As shown on the map of Operation Peace Spring, first released by the Turkish Government’s news agency Anadolu, Turkish troops have limited their occupation to a strip along the Turkish border extending 32km into Syrian territory, with the exception of the Syrian city of Qamishli.
However, it is now clear that Turkey and the YPG are pursuing a common policy of expelling Christians from the strip, including those in Qamishli.
In the late nineteenth century and beginning of the twentieth, the Ottomans and their Kurdish mercenaries massacred 1.4 million Armenians, 200 thousand Assyrians and Christians of the Greek-Eastern rite, more than 50 thousand Assyrians in Persia (between 1914 and 1918) and another 800 thousand Armenians and Greeks (between 1919 and 1925). [1]
In March 2014, while the war against Syria was raging, hundreds of jihadists from the al-Nusra Front (the al-Qaeda offshoot in Syria) and the Army of Islam (Yesh al-Islam, backed by Saudi Arabia), who were overseen by the Turkish army, plundered the mostly Armenian-populated town of Kessab in northwestern Syrian. [2]
Against that background, the Armenian community has construed the 11 November murders of the priest Hovsep Petoyan (see photo) and his whole family as an attack carried out by the Islamic Emirate (Daesh) at Turkey’s behest.
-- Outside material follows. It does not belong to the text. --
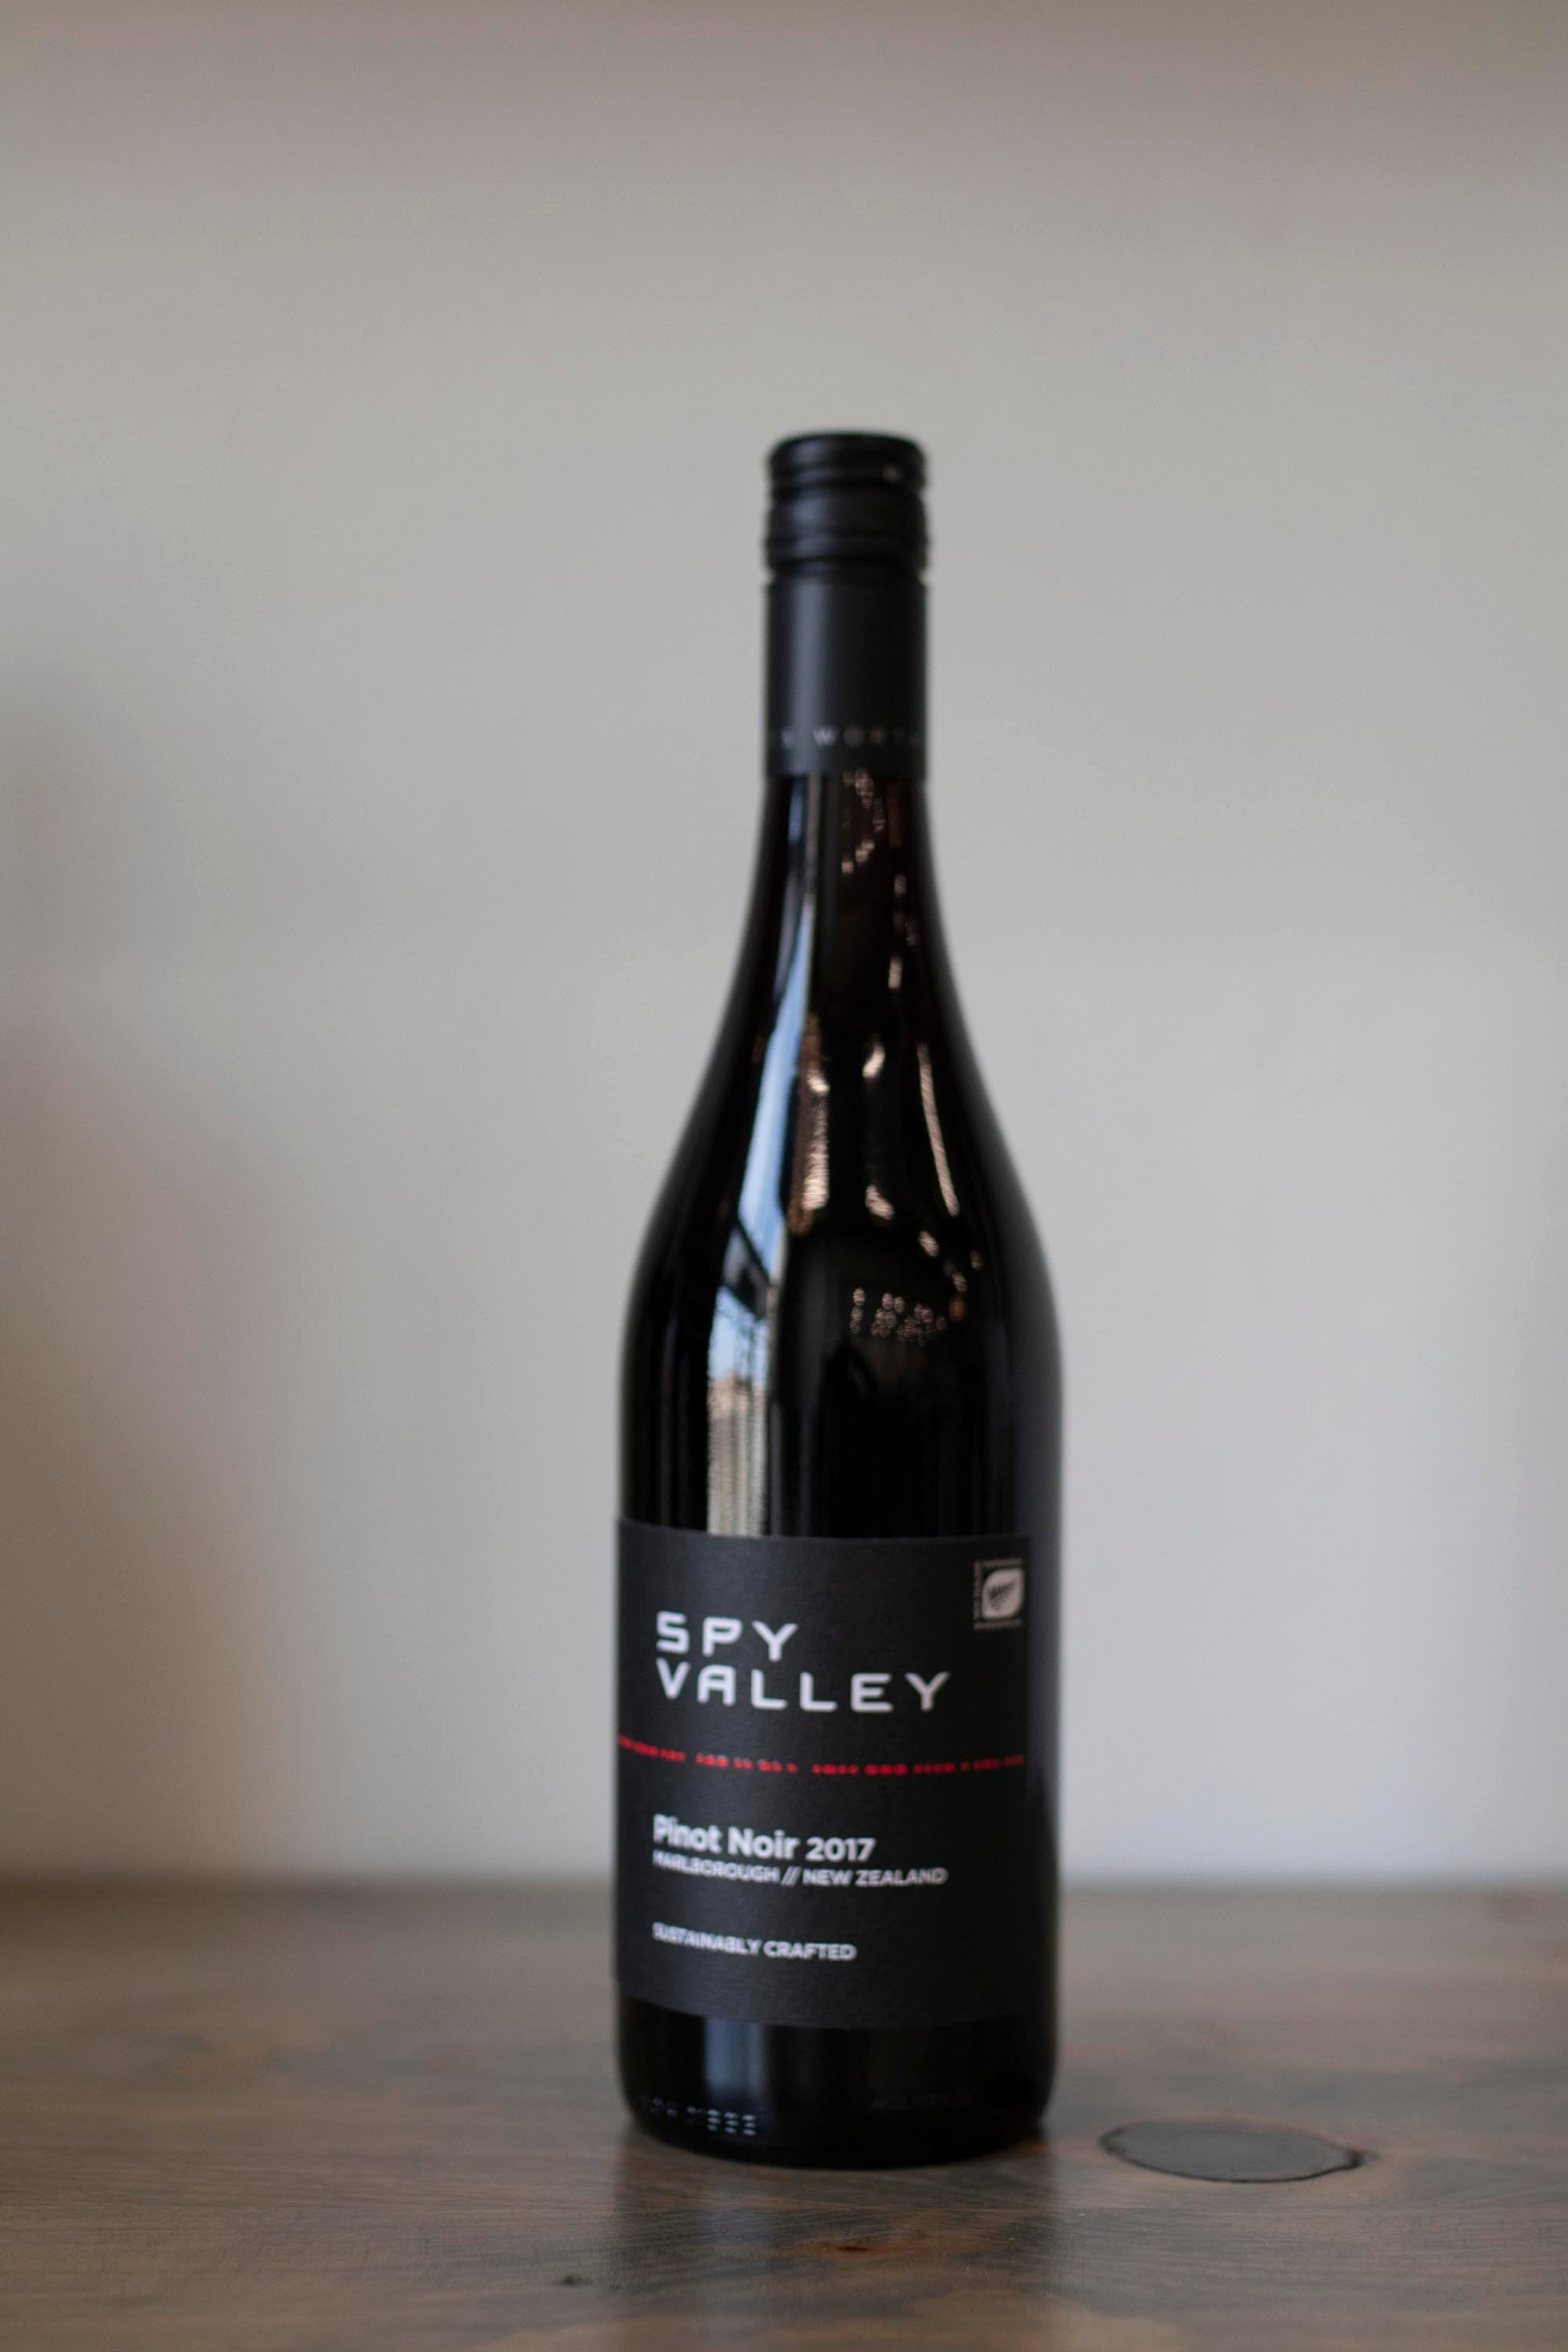 Bottle of Spy valley Pinot noir found at Vine & Board in 3809 NW 166th St Suite 1, Edmond, OK 73012

The Armenian priest had traveled to the Syrian city of Deir-ez-Zor to inspect the restoration of an Armenian church destroyed by Daesh during the war.
[1] Statistics of Democide : Genocide and Mass Murder Since 1900, R.J. Rummel, Transaction, 1998, p. 223-235.
[2] “Today’s Turkey continues the Armenian genocide”, by Thierry Meyssan, Translation Pete Kimberley, Voltaire Network, 14 May 2015.